Self-love heals. I know because it’s changed my life. Transformed me from a scared, insecure girl into a self-confident, happy woman. It changed my relationships too. The more I learned to love myself, to less I wanted to hurt myself with toxic people. Eventually I came to a point where I only wanted good things for myself, and started choosing my relationships that way too.

Of course, there are other things at play where good relationships are concerned, but working on loving yourself more will always be beneficial, and better any relationship that you have, with yourself, and with others.
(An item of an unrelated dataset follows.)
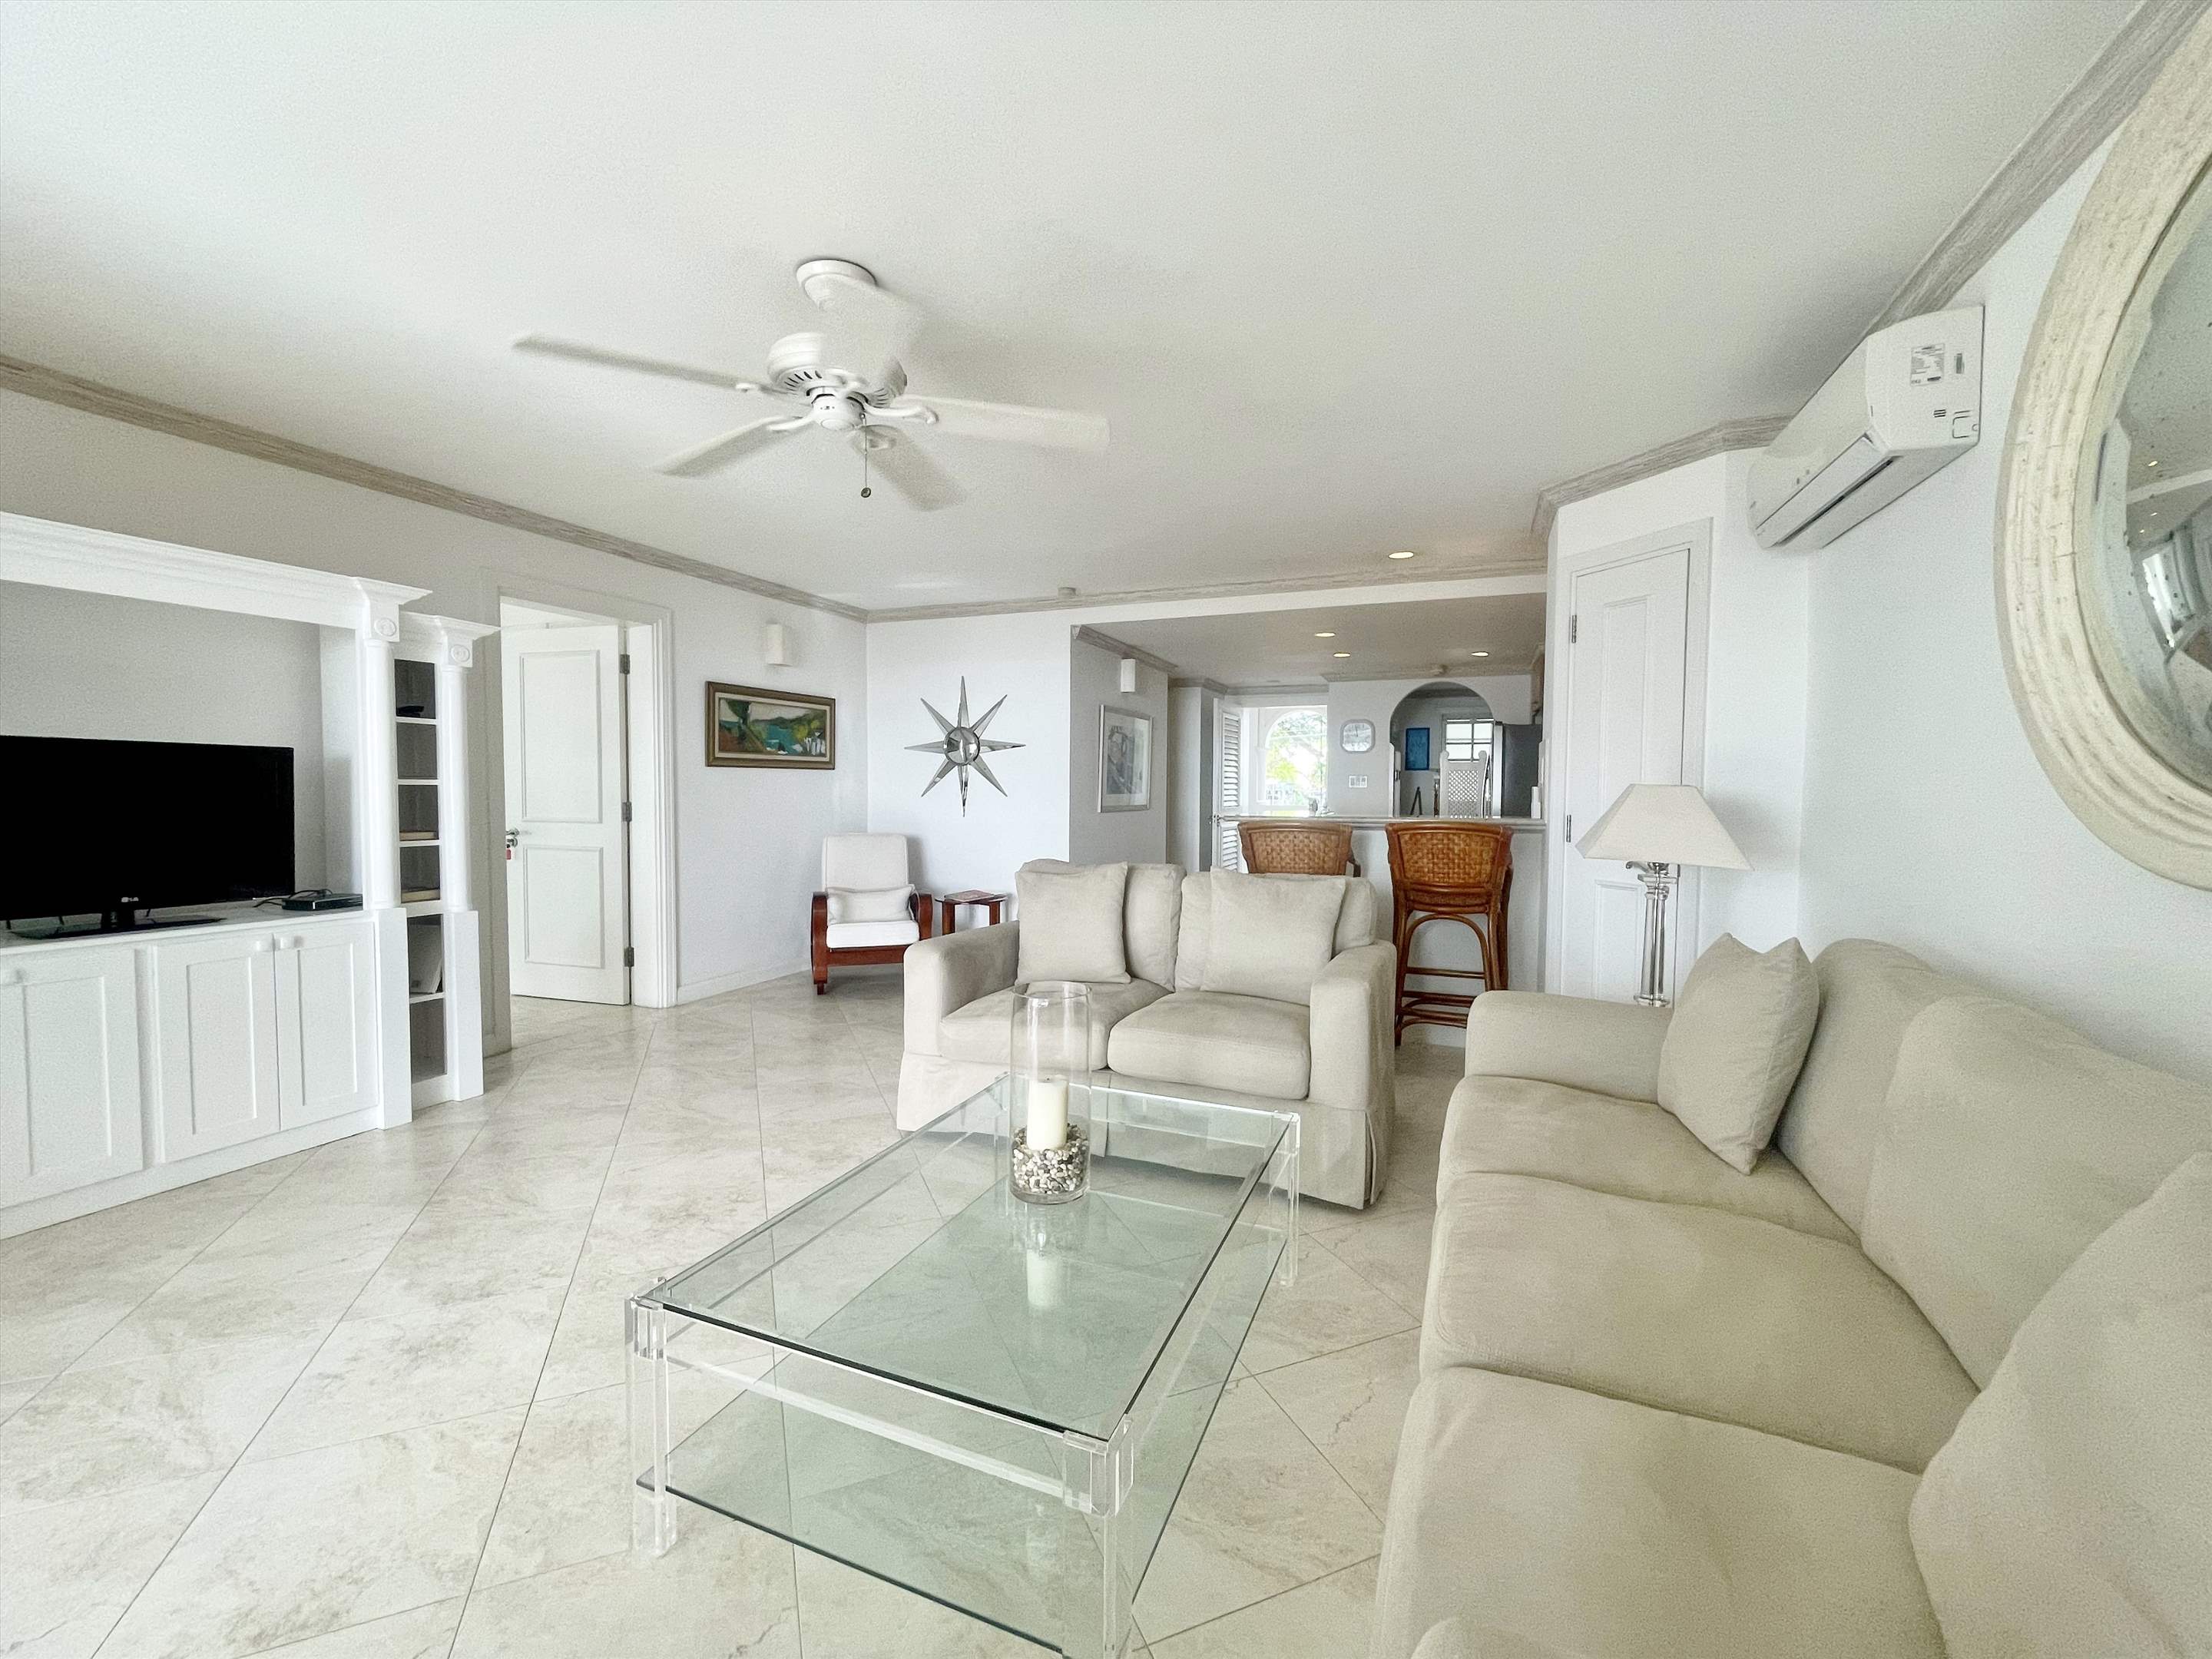 Villas on the Beach 103, 2 bedroom, 2 bedroom apartment in St. James & West Coast, Barbados Photo #4

If you’re not happy with the romantic relationship you’re in right now, or with any relationship that you currently have, here are some tips on how to gain more self-esteem (and more self-love) that might help you:

  • Realize that you are good enough: with more self-love comes a greater awareness that there actually isn’t anything wrong with you to begin with. It took me a long time to accept this for myself, but eventually I understood that we are all struggling with the same insecurities, and fears. We are all worthy of love.
  • Take care of yourself: the more I lacked self-esteem, the less I felt the need to take care of myself. This only made me feel worse. When you think you’re not worth it, it’s easy to slip into a state of neglect where you ignore yourself instead of listening to your needs. That’s why taking good care of yourself has a way to counteract low self-esteem. The more you take care of yourself, the more you convince yourself you’re worth it, the better you’ll feel.
  • Find your limits and protect them: when you have low self-esteem it can be hard to protect your boundaries (or even know what your limits are for that matter). That’s why you need to be vigilant by becoming aware of your limits, and safeguarding them. The more you’ll do this, the more resilient you’ll become, and the more your confidence in your capacity to protect yourself will grow. This, in turn, will give you more self-esteem.
  • Say what you really need: the less self-esteem you have, the more difficult it becomes to express what you really need. I know, I’ve been there. For a long time in my life, my relationships shaped my entire existence. I wasn’t living, I was being lived. During that time, it was really difficult for me to express what I really needed, mostly because I didn’t know. I had to dig deep, and really learn to know myself to be able to do so. And the more I did, the more my self-esteem grew, and the less I wanted to give away my power.
  • You’re the pilot of your own life: if you were an airline pilot, I’m sure you’d do everything you can to avoid a controlled flight into terrain disaster. It shouldn’t be any different with your relationships, or your life. You’re the pilot, and you can take control. But to do so, you need to be aware of the course you’re flying, and the obstacles you’re facing. If not, you’ll keep on engaging in relationships that aren’t good for you, and you’ll keep on believing that’s the best you can get.

I hope that this post has made you aware of that, and of the strength that lies within you, that only you can nurture and grow.

And below, do let me know. How has low self-esteem influenced your relationships? What have you done to love yourself more? What is keeping you from being the confident woman that I know you’re meant to be?